Spirits improved overnight when China reported a surprisingly-strong jump in exports, suggesting that global demand could prove more robust than previously thought. According to the National Bureau of Statistics, exports grew 14.8 percent year-over-year in March, bouncing back from a 6.8-percent contraction in January and February. Shipments to Russia and Southeast Asia jumped, while US and European markets showed signs of stability. Earnings from LVMH Moët Hennessy Louis Vuitton later showed a solid improvement in domestic demand, with Chinese consumers splashing out on luxury goods in the first quarter.
The euro is trading on a stronger footing, pushing above the 1.10 mark after surprisingly-positive industrial production numbers for February boosted first-quarter growth expectations. Falling energy costs and a sharp improvement in supply chains helped generate a 1.5-percent increase in industrial output in the month - adding to a 1-percent jump in January, and suggesting that factories are humming even as broader consumer demand remains weak.

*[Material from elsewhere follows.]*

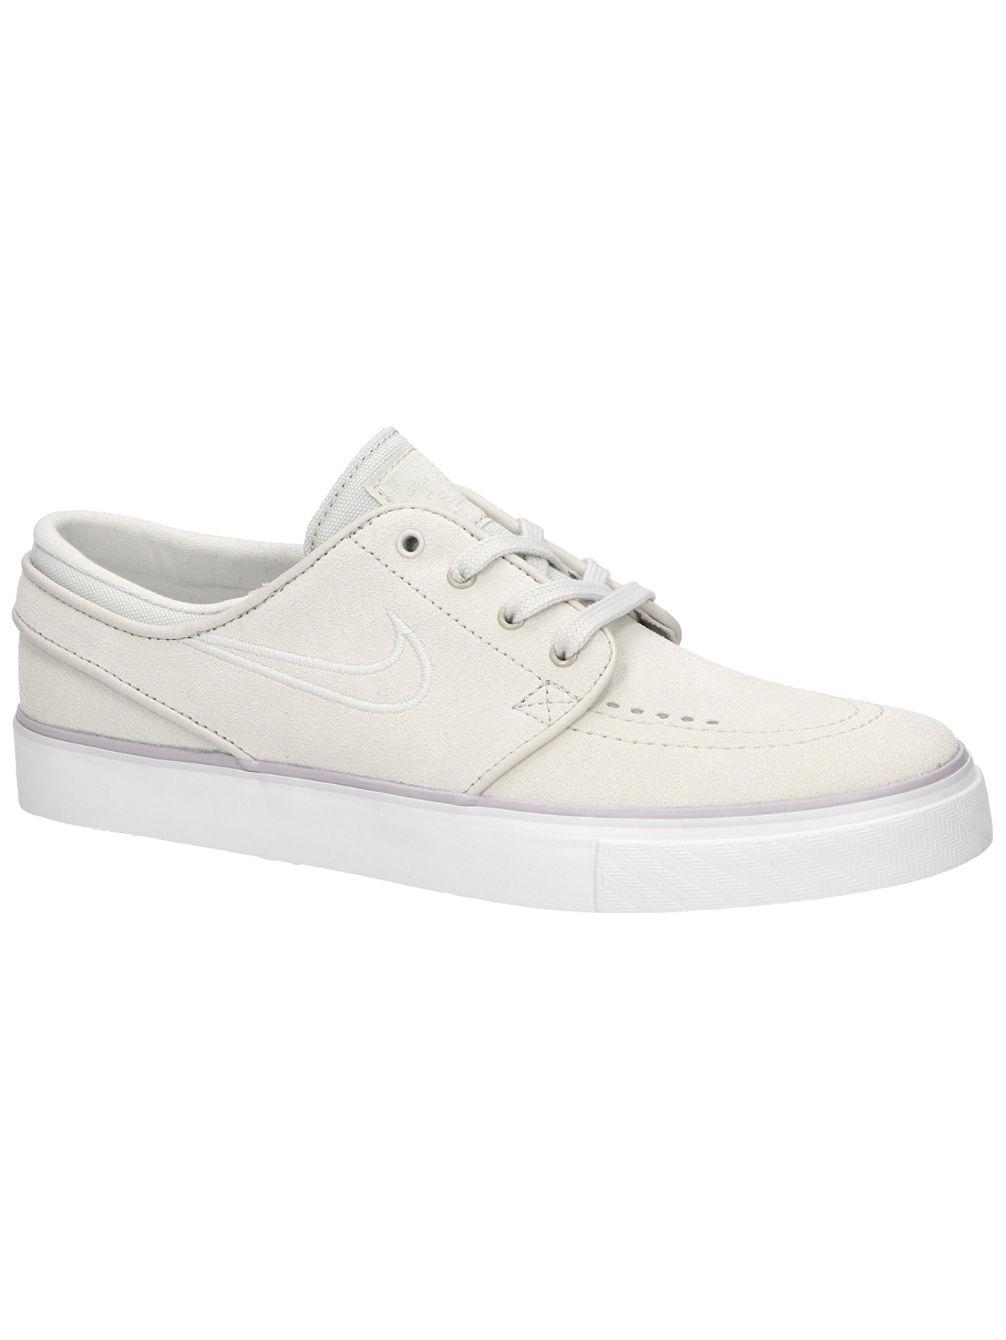 huge discount 5d119 43f5c Air Zoom Stefan Janoski Sneakers. Nike
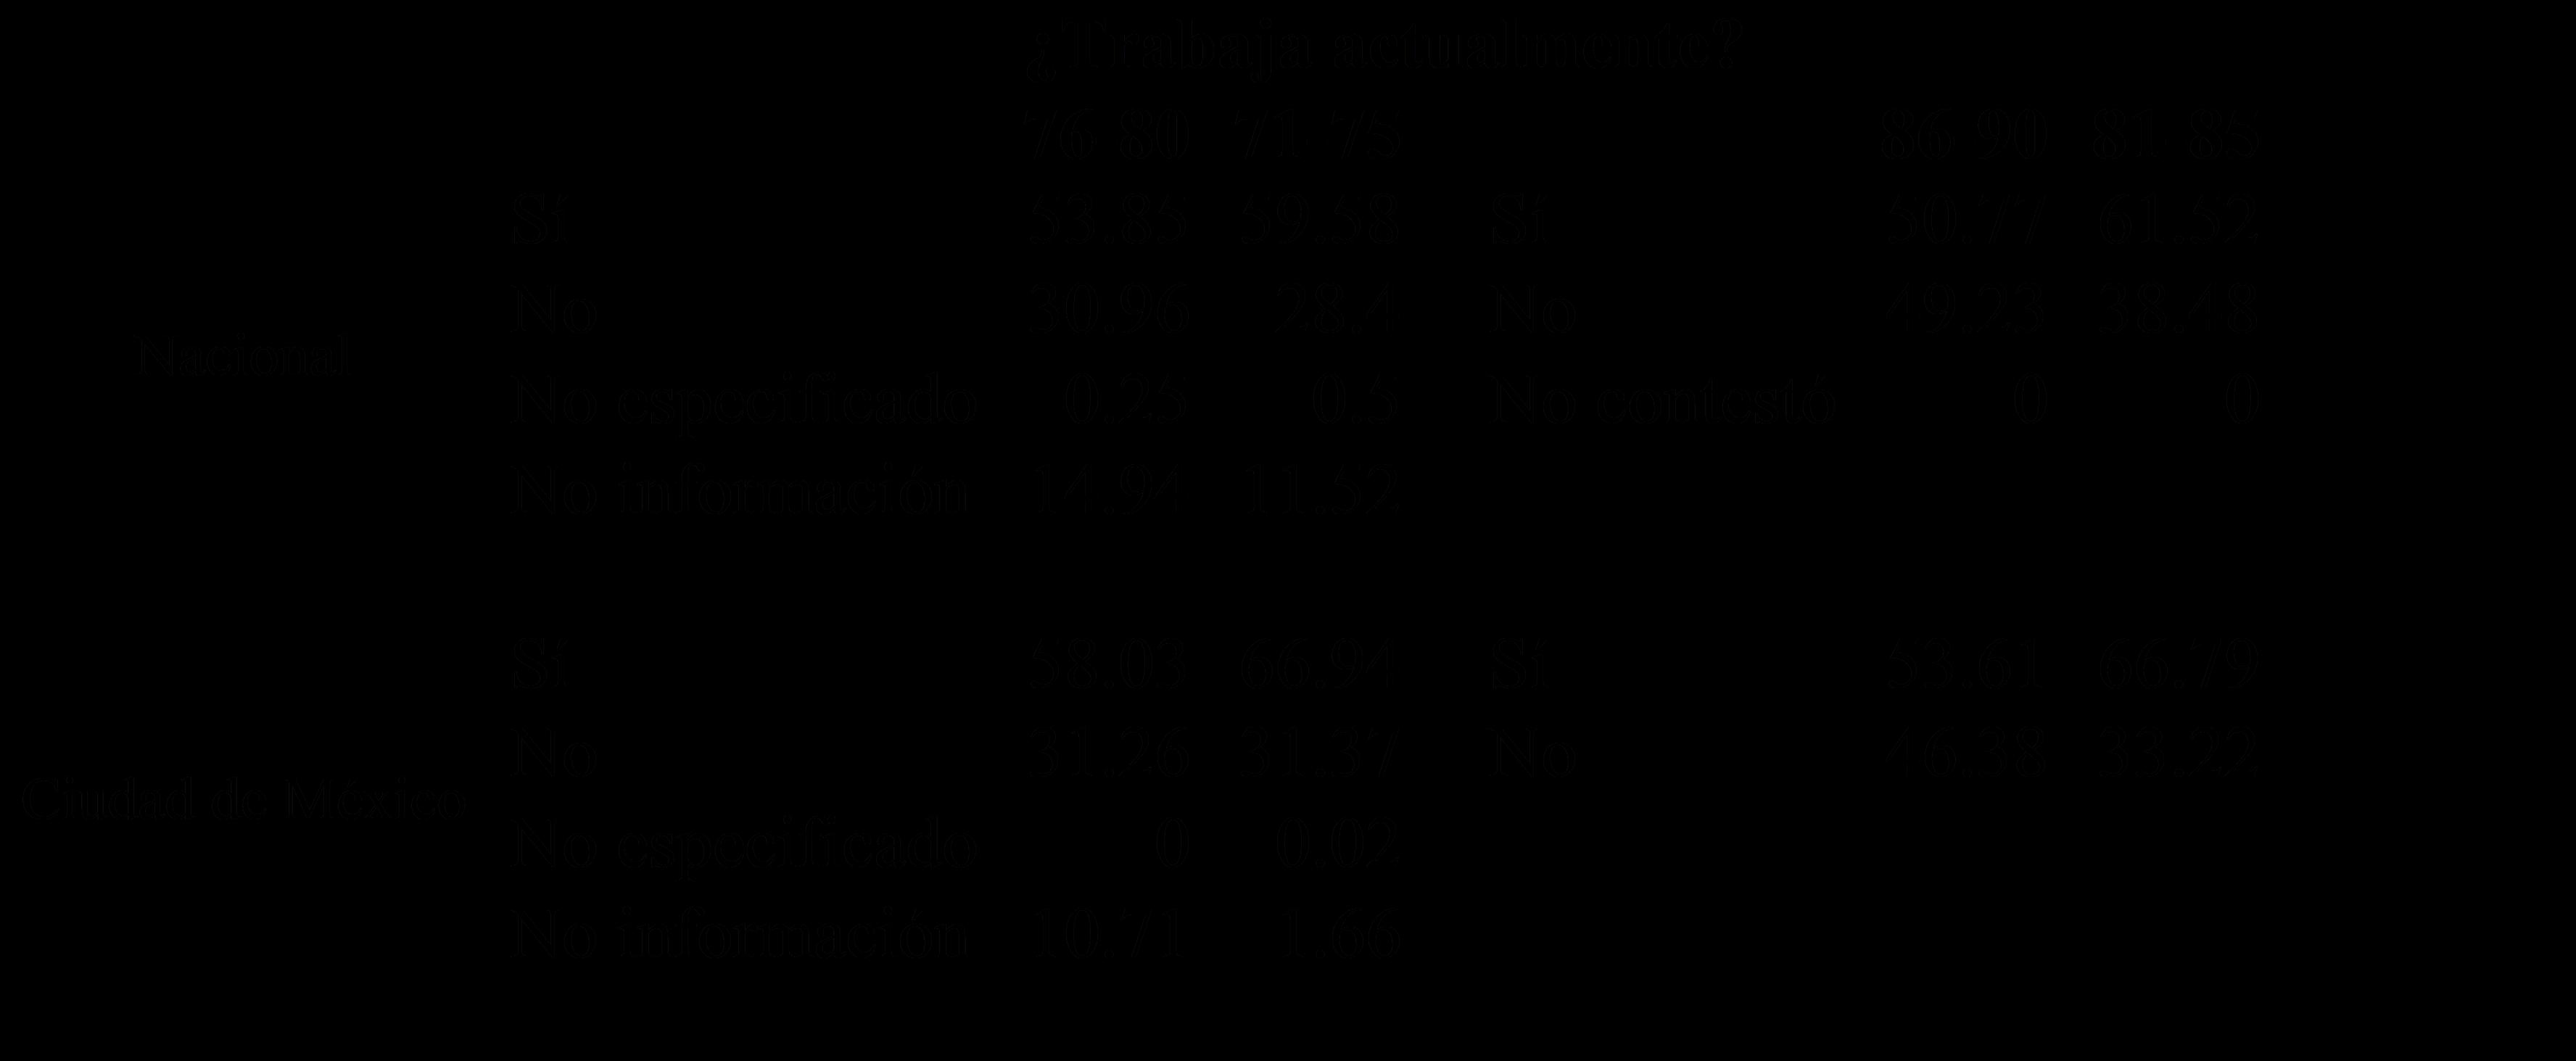 tab2cap4

The Canadian dollar rallied in Asian trading hours last night, presumably as investors processed the implications of the Bank of Canada’s decision earlier in the session. With growth and inflation projections moving in favourably-opposed directions, policymakers opted to keep rates unchanged while maintaining a hawkish bias on further increases. In post-announcement comments, Governor Macklem said“based on the information we have today, the implied expectation in the market that we're going to be cutting our policy rate later in the year, that doesn't look today like the most likely scenario to us”. Odds on a rate cut by December are down modestly.
The exchange rate is now trading through its 200-day moving average, and there is little in the way of meaningful technical resistance between here and the year’s loonie highs (greenback lows) - around the 1.3270 area. If volatility in fixed income and equity markets continues to subside, the loonie could strengthen - even as its longer-term fundamentals remain deeply questionable.
Today will bring Producer Price Index data for March, with economists expecting a flatlining in the month-over-month print as supply chains continue to stabilize. New applications for unemployment benefits are seen increasing to 232,000 in the week ended April 8, up modestly from the 228,000 claims reported a week earlier.